プロセッサ装置13は、CPU41、デジタル信号処理回路(DSP)42、デジタル画像処理回路(DIP)43、表示制御回路44、操作部51等を有する。
CPU41は、図示しないデータバスやアドレスバス、制御線を介して各部と接続されており、プロセッサ装置13全体の動作を統括的に制御する。ROM52には、プロセッサ装置13の動作を制御するための各種プログラム(OS,アプリケーションプログラム等)や各種データ(グラフィックデータ等)が記憶されている。CPU41は、ROM52から必要なプログラムやデータを読み出して、作業メモリであるRAM53に展開し、読み出したプログラムを逐次処理する。また、CPU41は、検査日時、被検体や術者の情報等の文字情報といった検査毎に変わる情報を、操作部51やLAN等のネットワークより取得し、RAM53に記憶する。
DSP42は、CCD21から入力される撮像信号に対して、色分離、色補間、ゲイン補正、ホワイトバランス調整、ガンマ補正等の各種信号処理を施し、画像データを生成する。DSP42で生成された画像データは、DIP43の作業メモリに入力される。また、DSP42は、例えば生成した画像データの各画素の輝度を平均した平均輝度値等、照明光量の自動制御(ALC制御)に必要なALC制御用データを生成し、CPU41に入力する。

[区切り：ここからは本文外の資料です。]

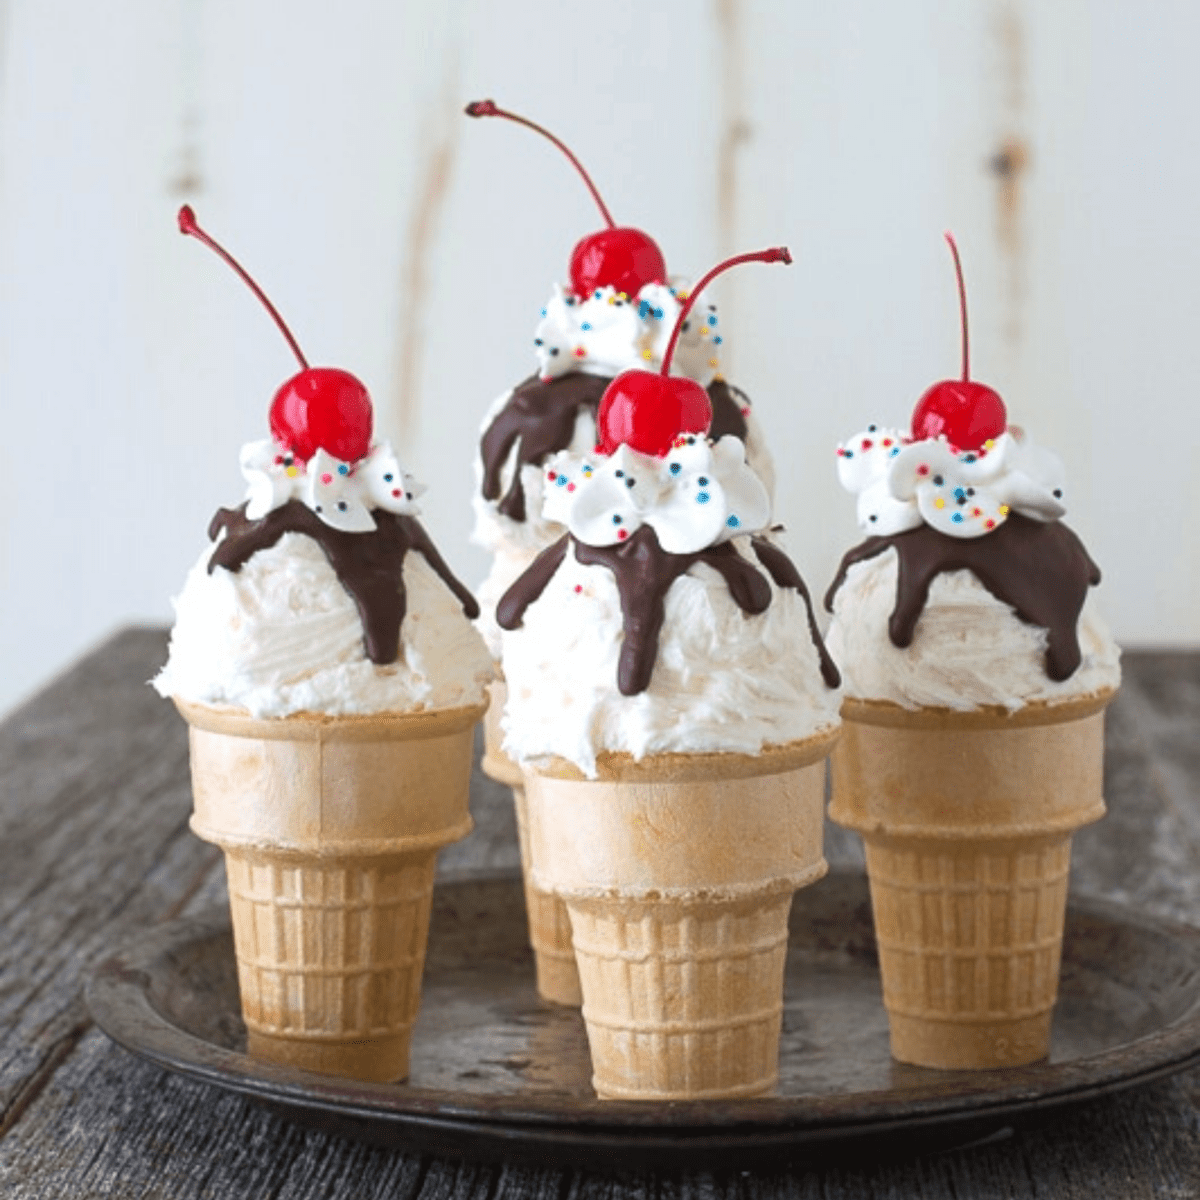 Ice Cream Scoop Cupcakes

DIP43は、DSP42で生成された画像データに対して、電子変倍、色強調処理、エッジ強調処理等の各種画像処理を施す。DIP43で各種画像処理が施された画像データは、観察画像としてVRAM28に一時的に記憶された後、表示制御回路44に入力される。
また、DIP43は、観察画像のハレーションの有無を検出するハレーション検出部55を有する。ハレーション検出部55は、観察画像の各々の画素値を所定の閾値と比較し、閾値よりも画素値が大きい画素を計数する。画素値が閾値よりも大きい画素の個数が所定個数よりも大きい場合、ハレーション検出部55は、観察画像にハレーションが生じていると判別する。一方、画素値が閾値よりも大きい画素の個数が所定個数以下の場合、ハレーション検出部55は、観察画像にハレーションが生じていないと判別する。これにより、ハレーション検出部55は、観察画像が撮影される毎にハレーションの有無を検出する。

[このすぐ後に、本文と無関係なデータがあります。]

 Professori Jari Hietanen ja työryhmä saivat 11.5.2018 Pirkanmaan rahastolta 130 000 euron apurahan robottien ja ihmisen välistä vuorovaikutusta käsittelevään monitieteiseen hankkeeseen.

以下では、ハレーション検出部55によってハレーションが検出された観察画像をハレーション有り画像といい、ハレーションが検出されなかった観察画像をハレーション無し画像という。
ハレーション検出部55によるハレーションの有無についての判別結果は、CPU41に入力される。CPU41は、ハレーション検出部55から入力された判別結果に基づいて、VRAM28に複数記憶された観察画像の中からモニタ22上に表示させる観察画像を決定し、モニタ22上に表示することが決定された観察画像を選択的に取得するように画像選択信号を表示制御回路44に入力する。

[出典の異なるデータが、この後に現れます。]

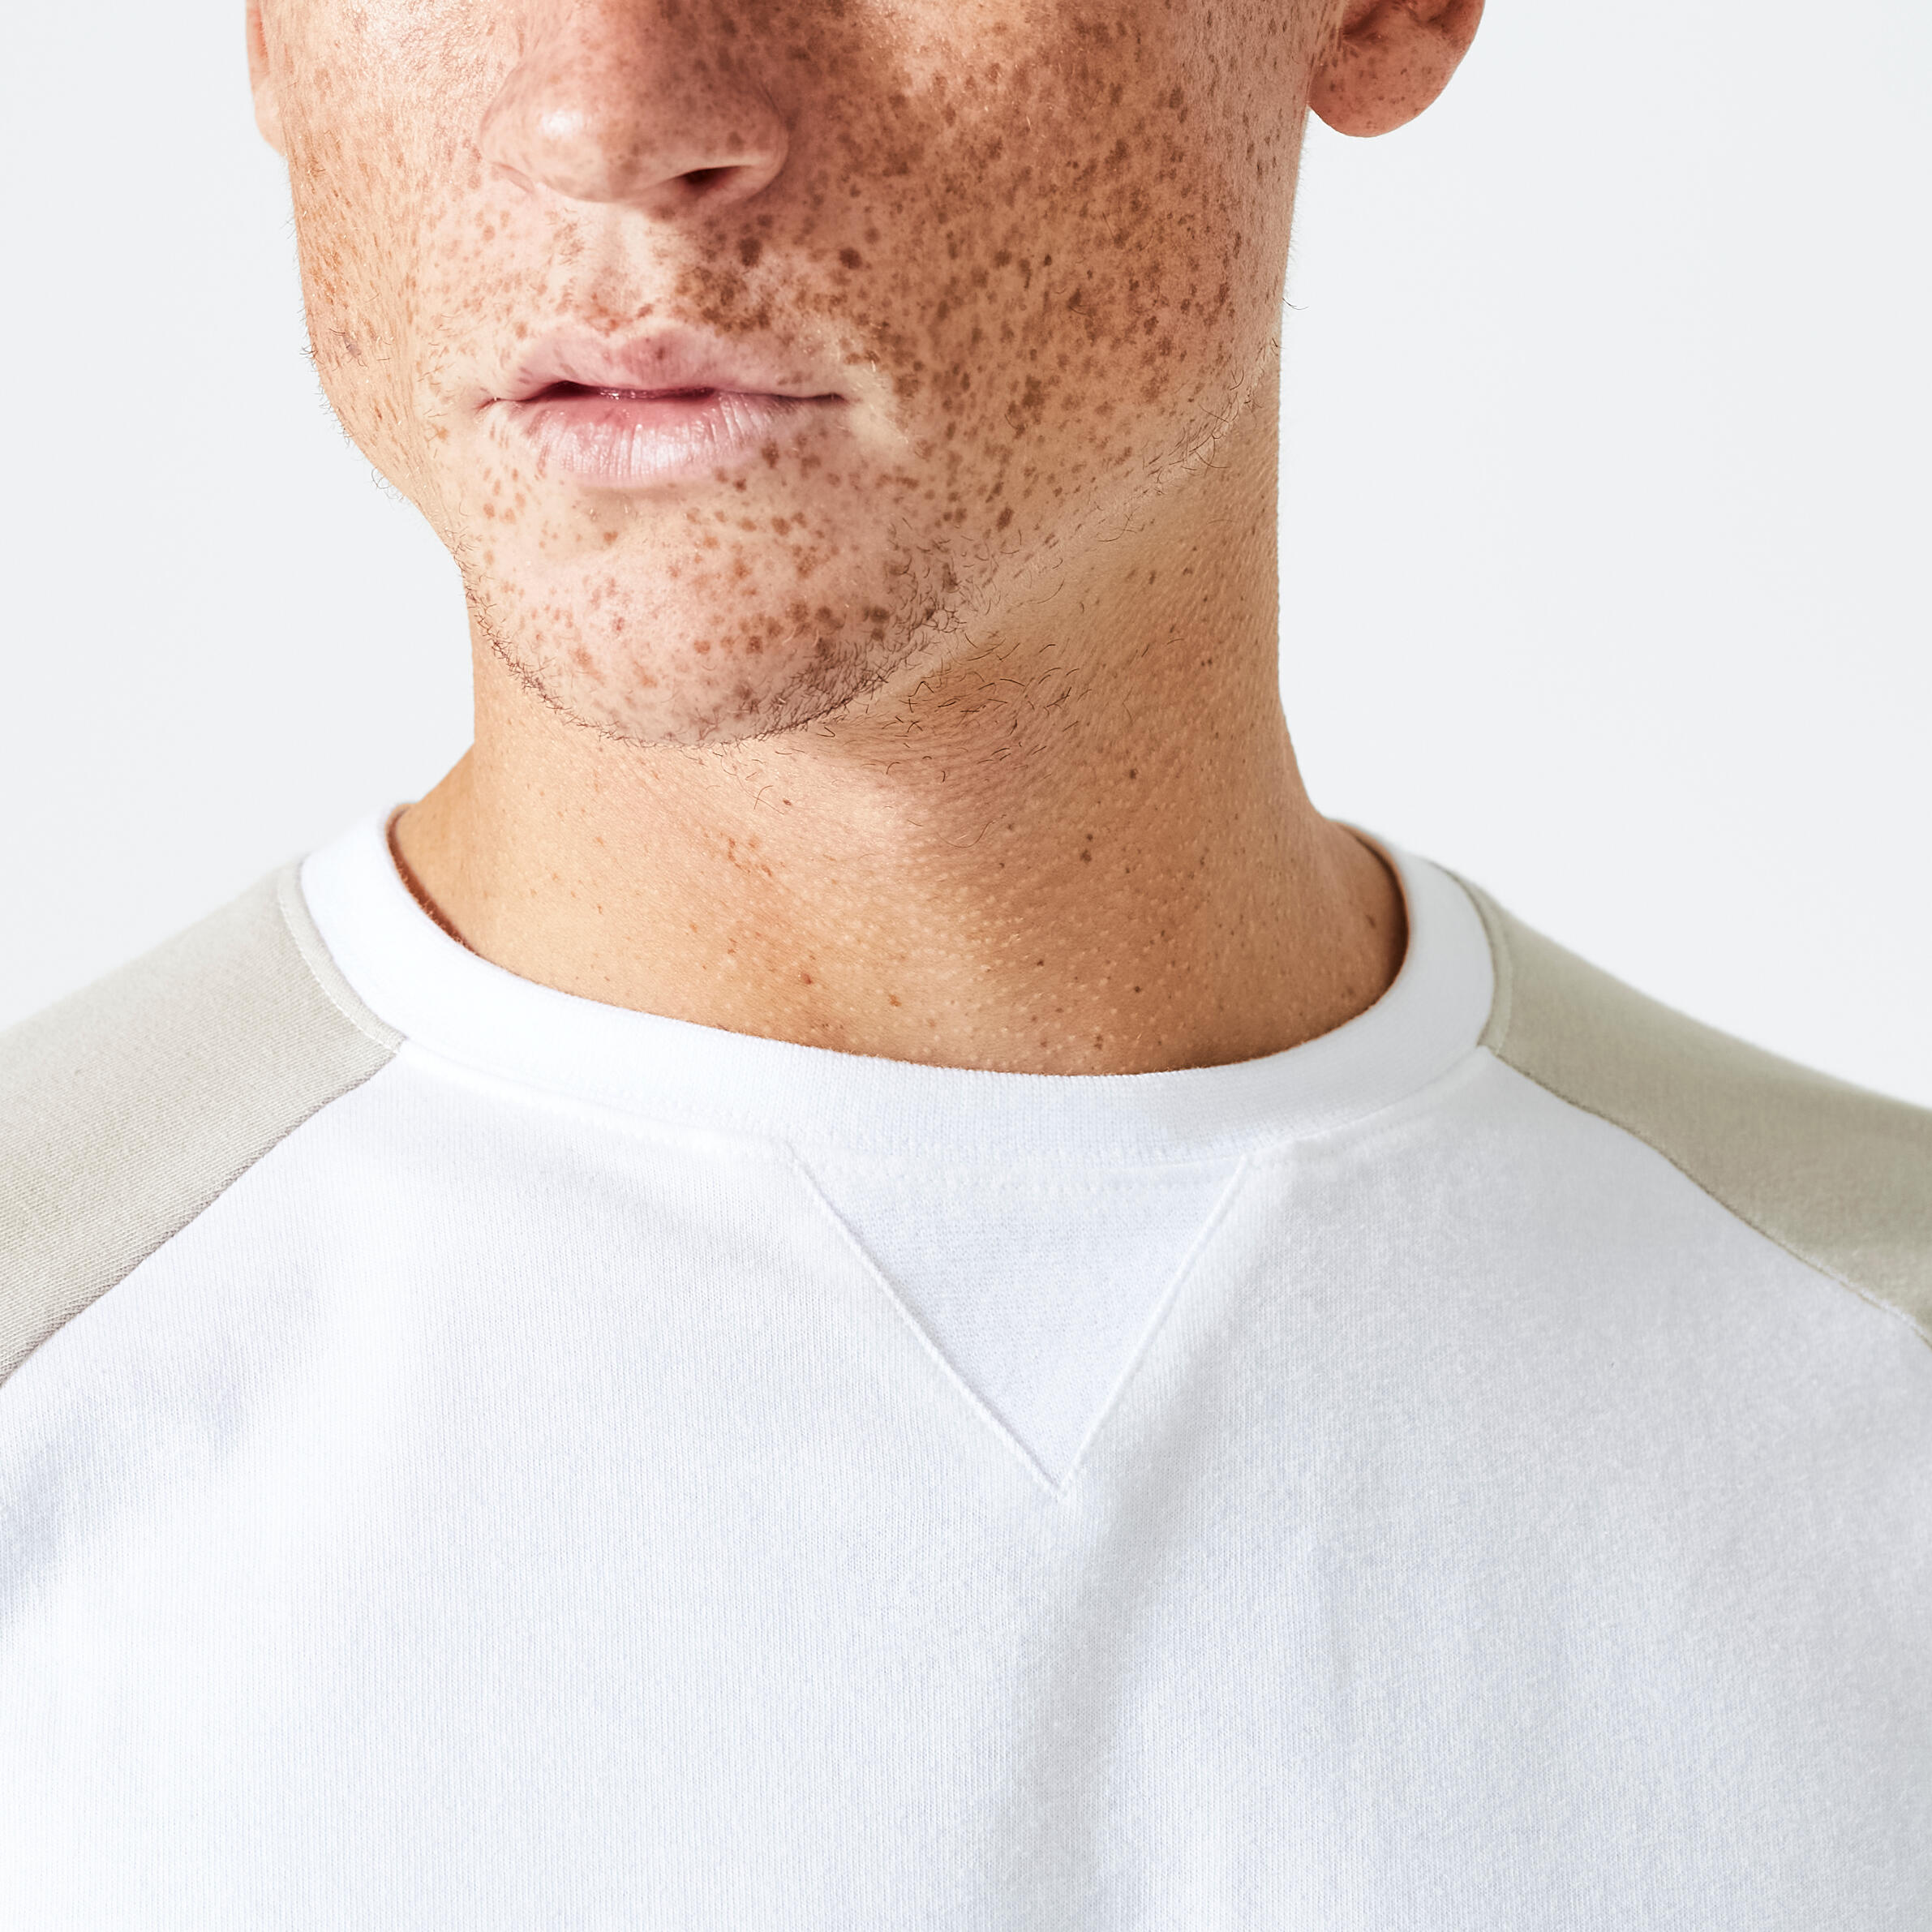 Men's Long-Sleeved Fitness T-Shirt 520 - White/Beige 3/5

VRAM28は、DIP43から入力される観察画像を一時的に記憶するメモリであり、複数フレーム分(例えば5フレーム分)の観察画像を同時に記憶する。また、DIP43は、VRAM28に記憶容量の上限分(5フレーム分)の観察画像が既に記憶されている状態で新たな観察画像を入力する際に、上書き更新等により、最も古い観察画像を破棄して新たな観察画像をVRAM28に記憶させる。したがって、VRAM28には、最新の観察画像から記憶容量の上限分の観察画像が記憶される。VRAM28に記憶された複数フレーム分の観察画像のうち1フレーム分の観察画像が表示制御回路44によって選択して取得され、モニタ22に表示される。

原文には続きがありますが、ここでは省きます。